Lady Macbeth's Daughter by Lisa Klein

This tale, inspired from Shakespeare’s MacBeth, is remarkable enough to have drawn in my husband, a Shakespeare fan. To my surprise, he read it to the end.

It’s told at times from the point of view of MacBeth’s wife and generally from the point-of-view of her daughter, Albia. Albia was born with a lame foot, and MacBeth condemned her to death. Instead of this fate, she is whisked away by Macbeth’s lady-in-waiting, and raised by the Wyrd sisters (the witches from Macbeth.)

Later, she is adopted as a foster daughter to Banquo when he loses his own daughter. She falls for his son, Fleance, and in the end both seek revenge on Macbeth for his foul deeds.

It’s a remarkable re-take on Shakespeare. It is quite its own story while in keeping with the general details of Macbeth. I found it an engaging perspective with reservation for the tween audience.

I’d be cautious about handing it to a tween. One of Macbeth’s foul deeds is an attempted rape of his own daughter. The details were not lurid, and he was not successful. He also was brought up short by the realization of what he was doing as he did not know at that point that his daughter had lived, let alone that his would-be victim was related. It’s intense and so is the young age and arranged marriage of Lady Macbeth at the beginning.

The witches, no surprise, engage in herbology mixed with pagan practices and invocations to pagan gods.

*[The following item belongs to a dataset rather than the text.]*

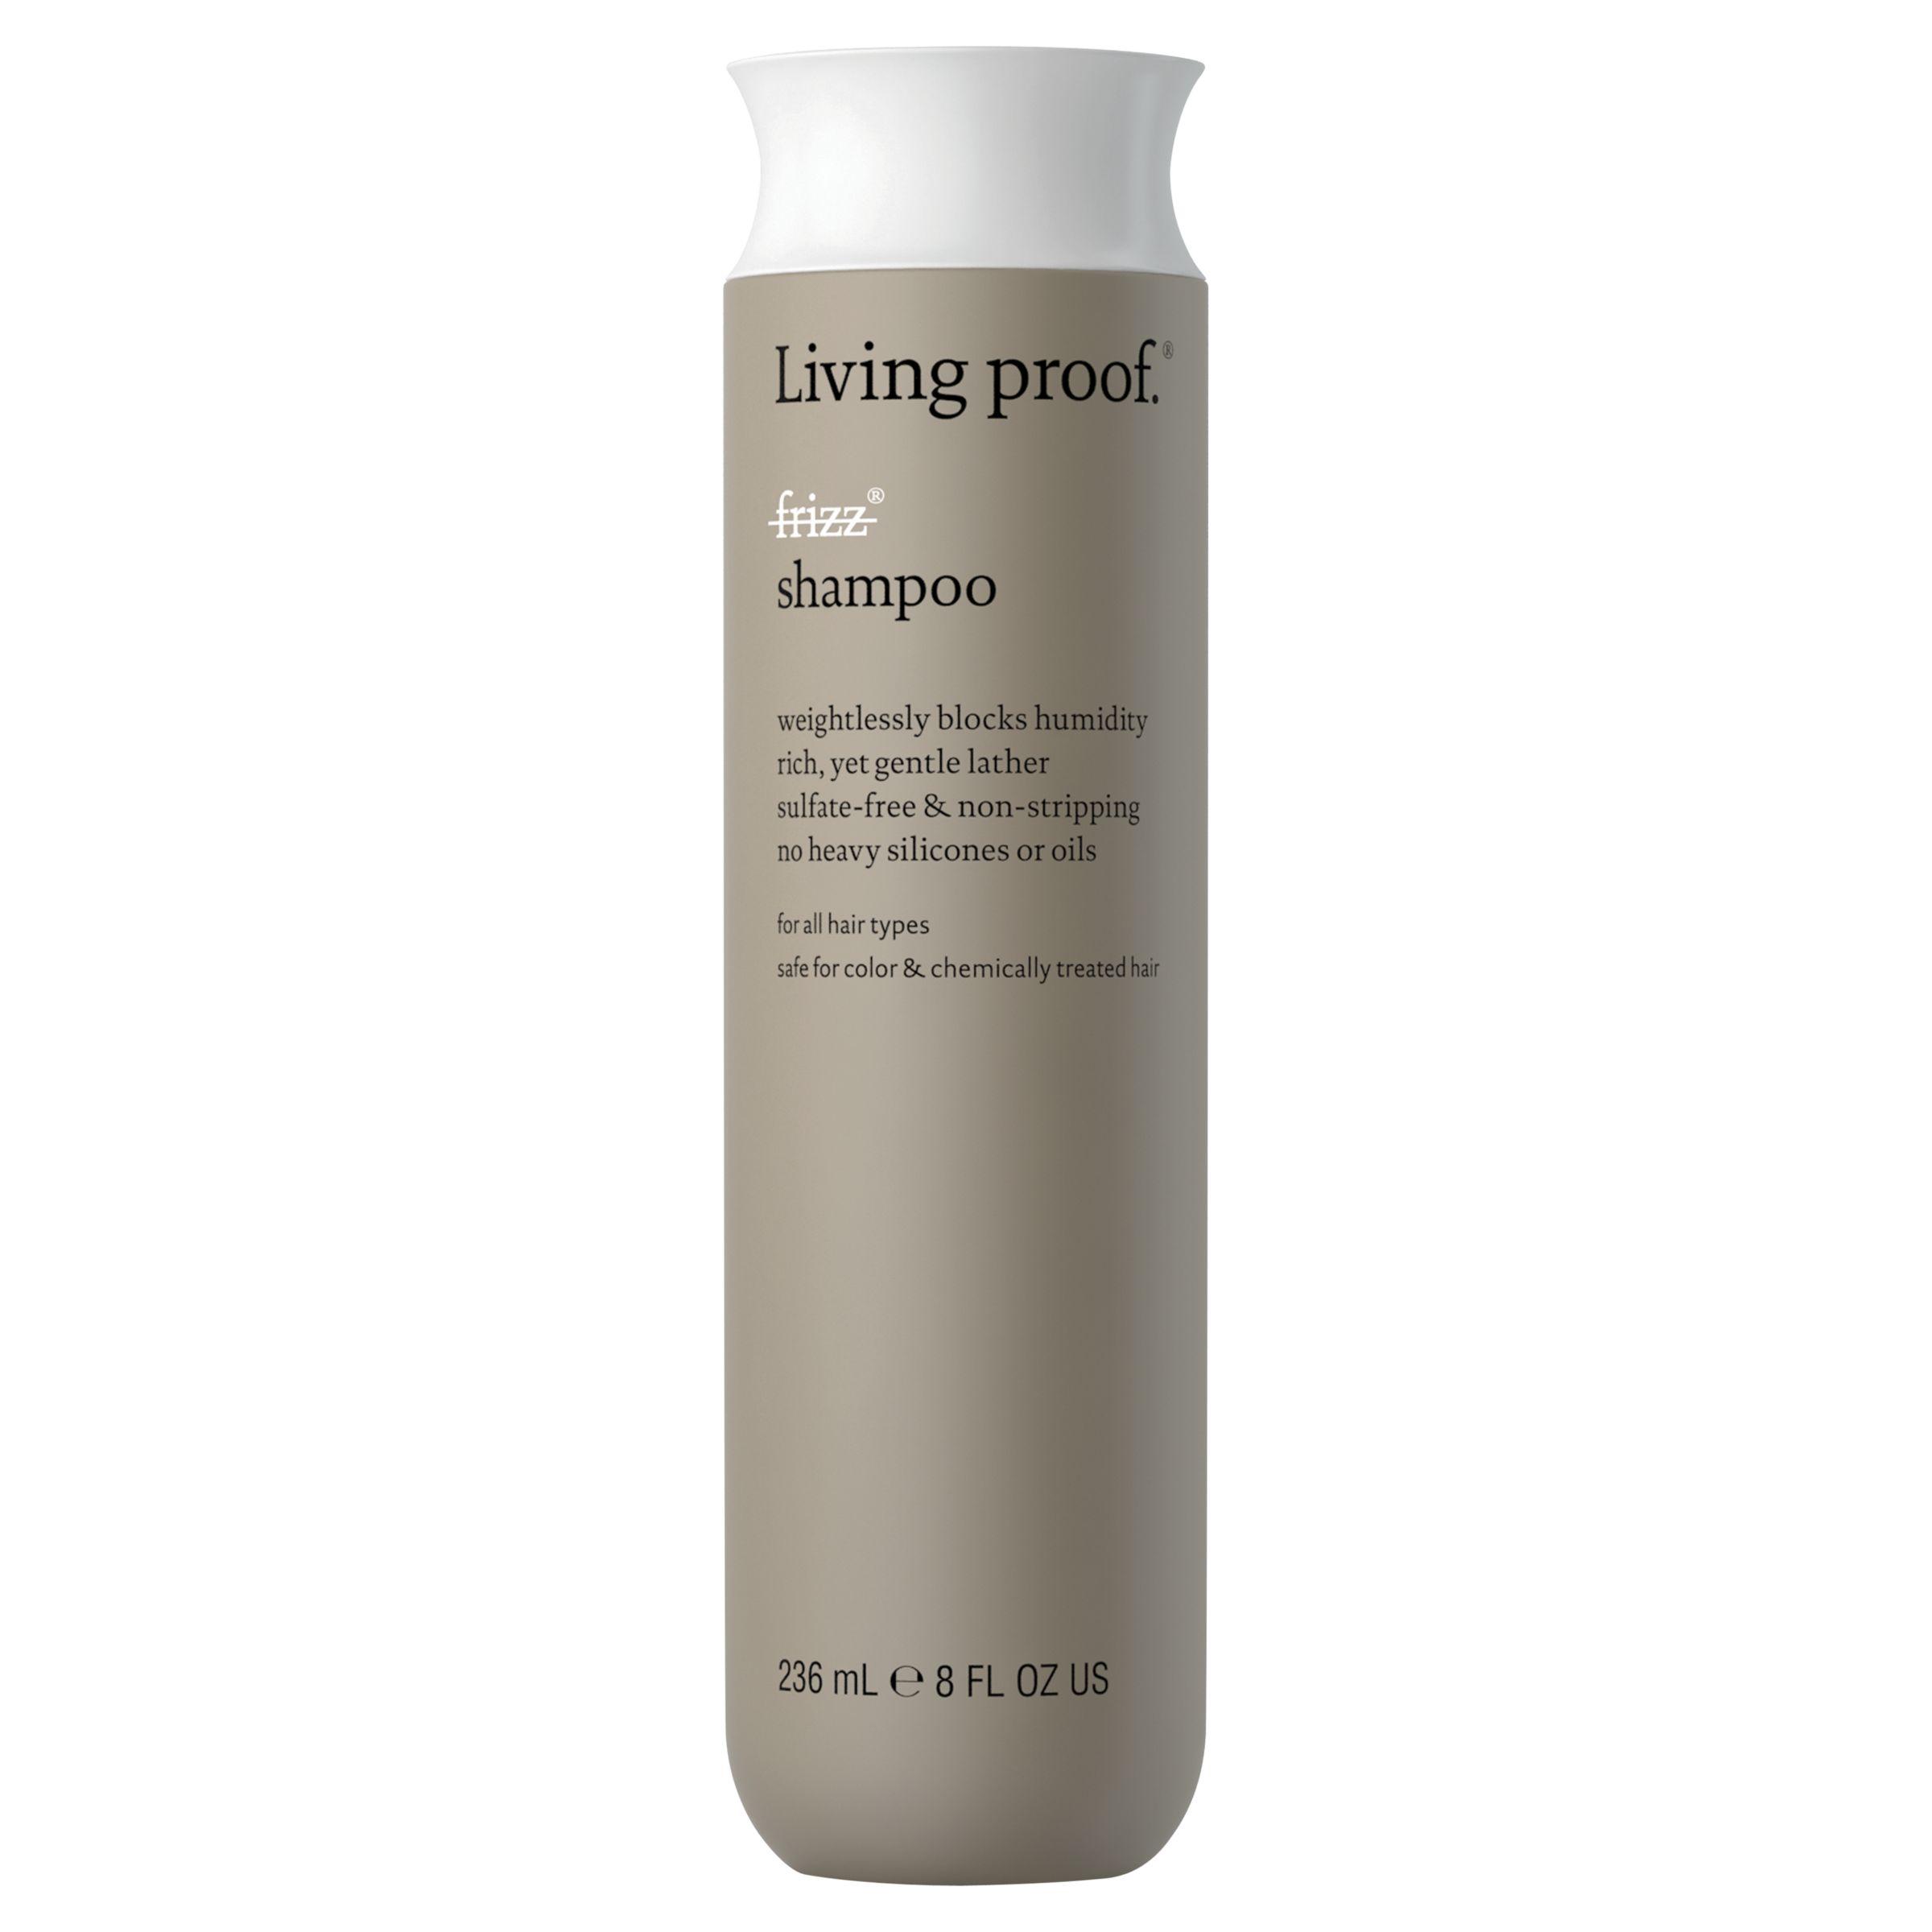 Living Proof Living Proof No Frizz Shampoo, 236ml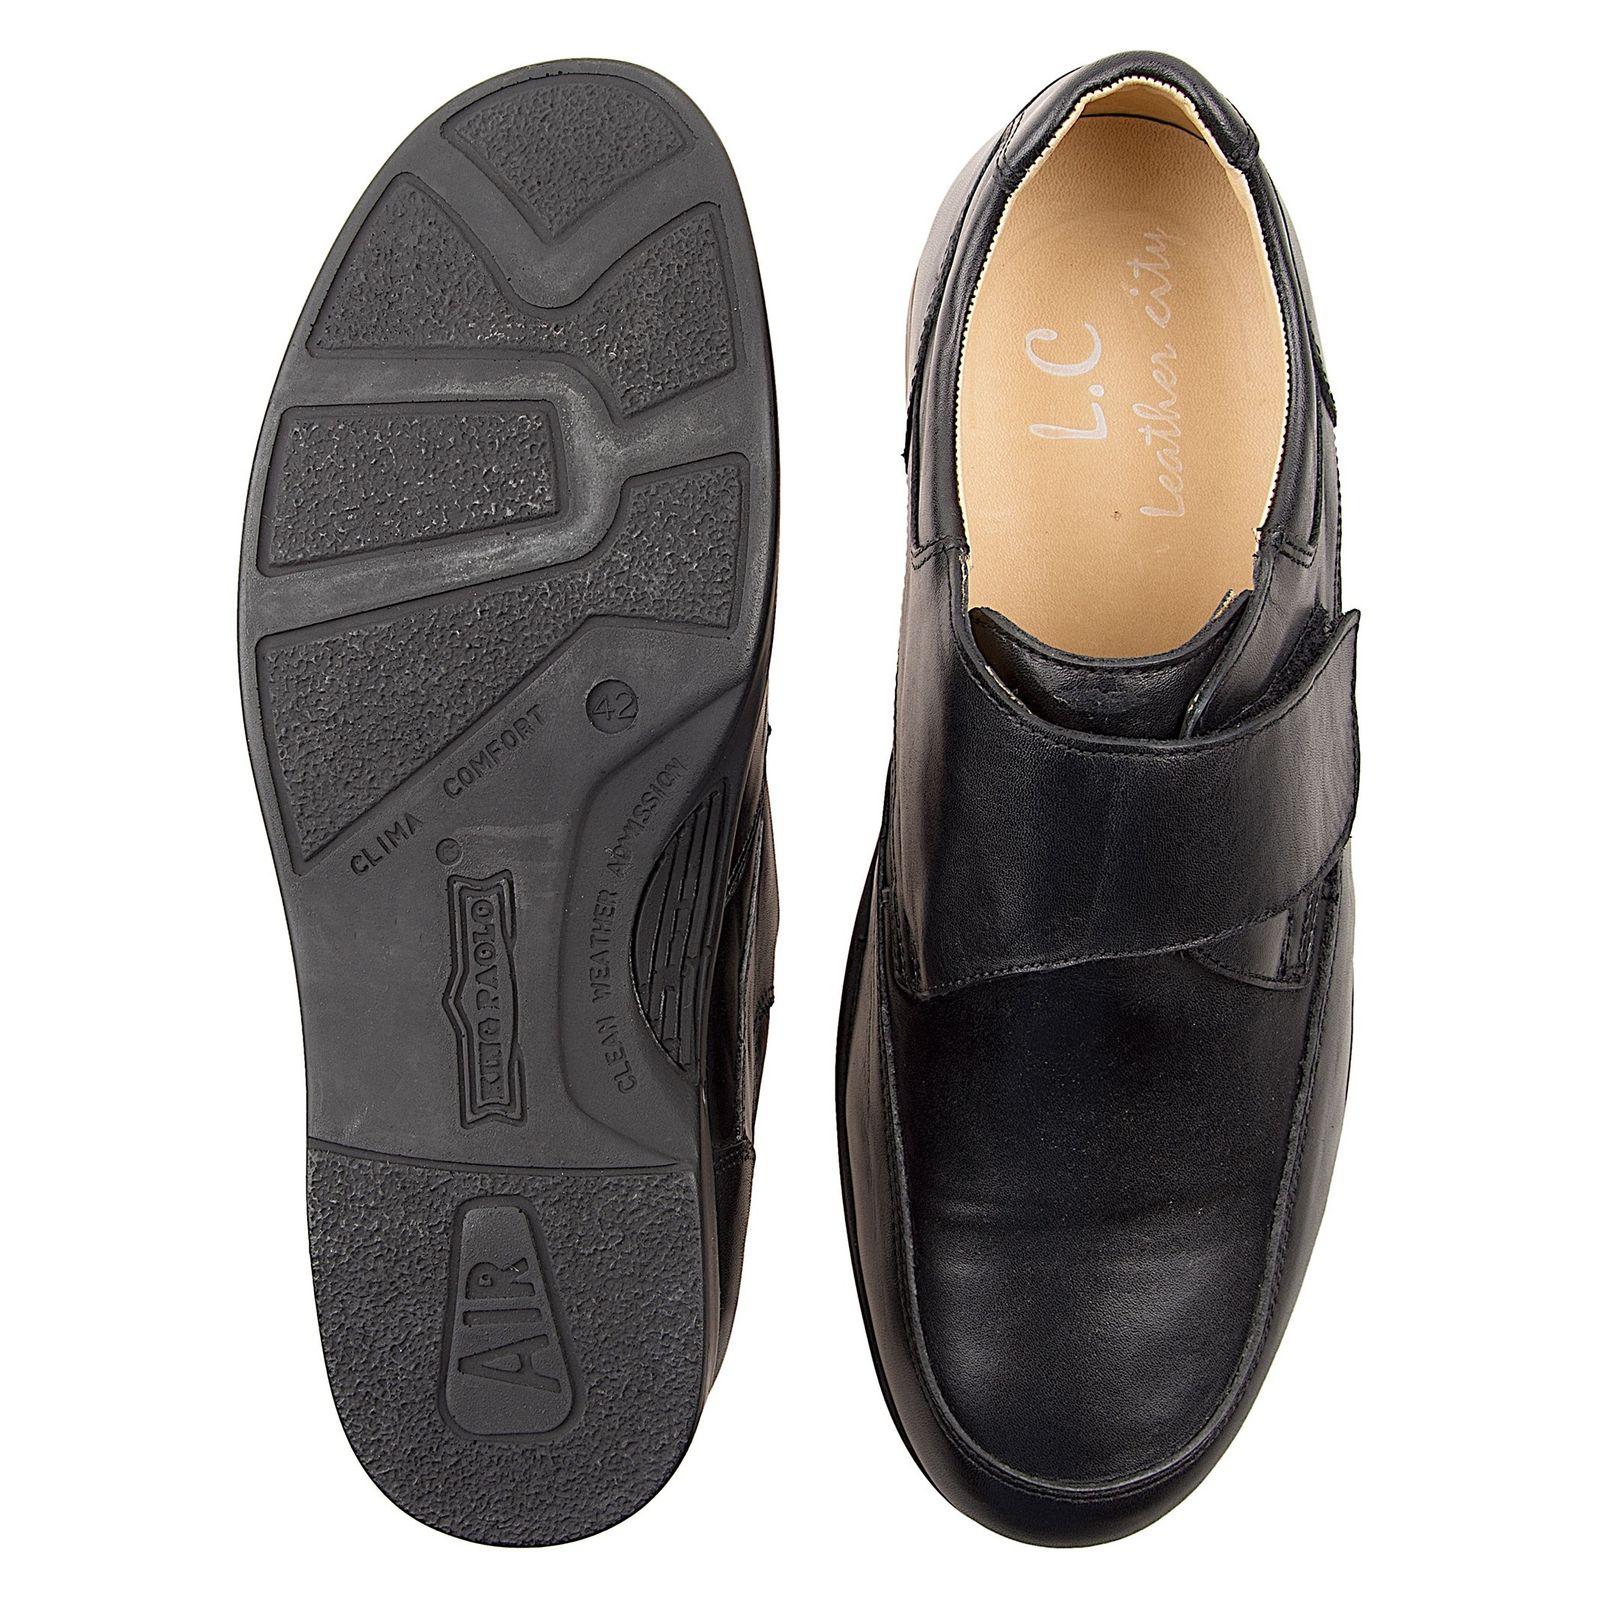 کفش اداری چرم مردانه - شهر چرم - مشکي - 2

The book reads through a modern feminist lens and the feminist perspective reminds me of paganism itself.

That is:
parts of it hold some truth:

…women should not be the possession of men
…you can prophesy strife and trouble for they are certain, but the other prophesies are double-talk meant to twist Macbeth’s reason not foretell the future.


some parts miss the mark:

…the strong woman character picks up arms and learns to fight like a man (I don’t mind the sword-training, but I object to the hint that it somehow balances the inequalities women experienced. Recognition of being made in the image of God is what slowly righted the balance. That didn’t come from the barbarian or pagan culture.)

some parts are a dangerous mix with the occult presented as good or neutral:

invoking the gods with spells and potions; using the “magic” of trees to promote healing, for example

I thought the rehabilitation of Lady Macbeth as a bit of a victim of arranged marriage at a young age, and the witches’ rehabilitation as pro-life, spritual ladies interesting but not real plausible. Catherine of Aragon, for example, I think had a better case than Lady Macbeth for murder, but she managed to remain noble up to her beheading. If the novel were non-fiction, the pro-life role would land firmly where it did historically: with the Christian minority.

Lady Macbeth’s portrayal disturbed me when she gave birth to a son whom she never bonded with or loved and subsequently to a daughter whom she loved deeply and lost. I thought it in keeping with a negative slant on the patriarchal system that was a bit exaggerated, although not much by today's standards.

Albia’s friend, Colum’s effort to make sense of the term, justice reflects his non-Christian upbringing. He tries to define it separate from a God who is Justice and tries this out: “ Justice comes from wanting what is good. Not for yourself alone but for others.” I think this limps toward Truth but falls short because it defines good apart from God and His revelation. Time and again, such disconnect leads to certain groups excluded from this field of justice….good intentions nonwithstanding.

I liked it a bit better for an adult and educated audience than younger tweens…

SAFETY RATING: 1 Flag


See: Catechism of the Catholic Church Justice: 1807

1 comments:

Psmith,  November 10, 2011 at 3:30 PM  

Hey, thanks for reviewing this!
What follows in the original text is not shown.